Monthly Archives: March 2017

Longest Common Subsequence

I’m going out of order here, since the next few problems are all related, and this is the easiest one, and is a good way to get thinking about this kind of problem.

The problem: Longest Common Subsequence.  This is problem SR10 in the appendix.

The description: Given a finite set of strings R over some finite alphabet Σ, and a positive integer K, can I find a string w over the alphabet Σ such that w has length K or more, and w is a subsequence of each string in R?

Example: Suppose R was the strings {aab, aaab, aaaba, aaaa}

Then the longest w we could choose that is a subsequence of everything in R wold be “aa”.  Notice that if we add “ba” to R, then the longest w we can make is length 1 (the string “a” or the string “b”)

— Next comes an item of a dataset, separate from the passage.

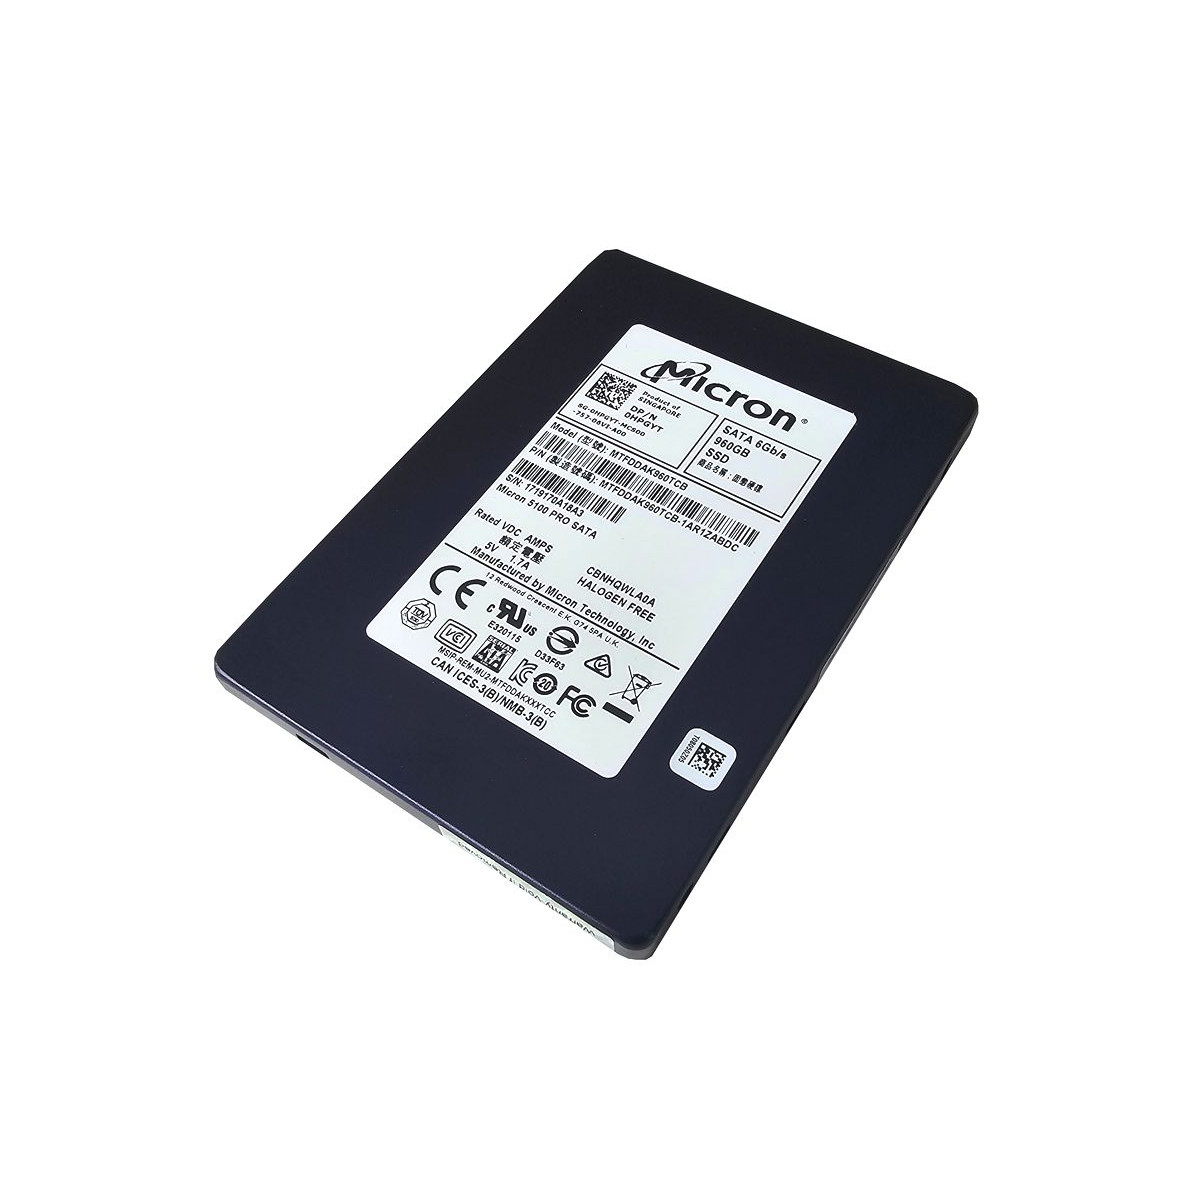 DYSK DELL MICRON 960GB SSD SATA 6G 2,5 MLC 0HPGYT

Reduction: The paper by Maier uses VC.  (This is the “LCS” problem in the paper).  So we start with a graph G = (V,E)  and a K.  Our alphabet Σ has one character for each vertex in V.  R will consist of |E|+1 strings, based on a “template string” T consisting of the characters for all of the vertices in V, in some order. The first string in R is T itself.  Then, each edge (u,v) gets a string: Two copies of T concatenated.  The first copy has u removed, the second one has v removed.  Set K’ to |V|-K.

Suppose G has a VC, call it V’.  Then take T and remove all of the vertices in V’ from it.  This remaining string will be called T’ and is of size |V|-K.  We will show that T’ is a subsequence of each string in R.  It’s pretty clearly a substring of T.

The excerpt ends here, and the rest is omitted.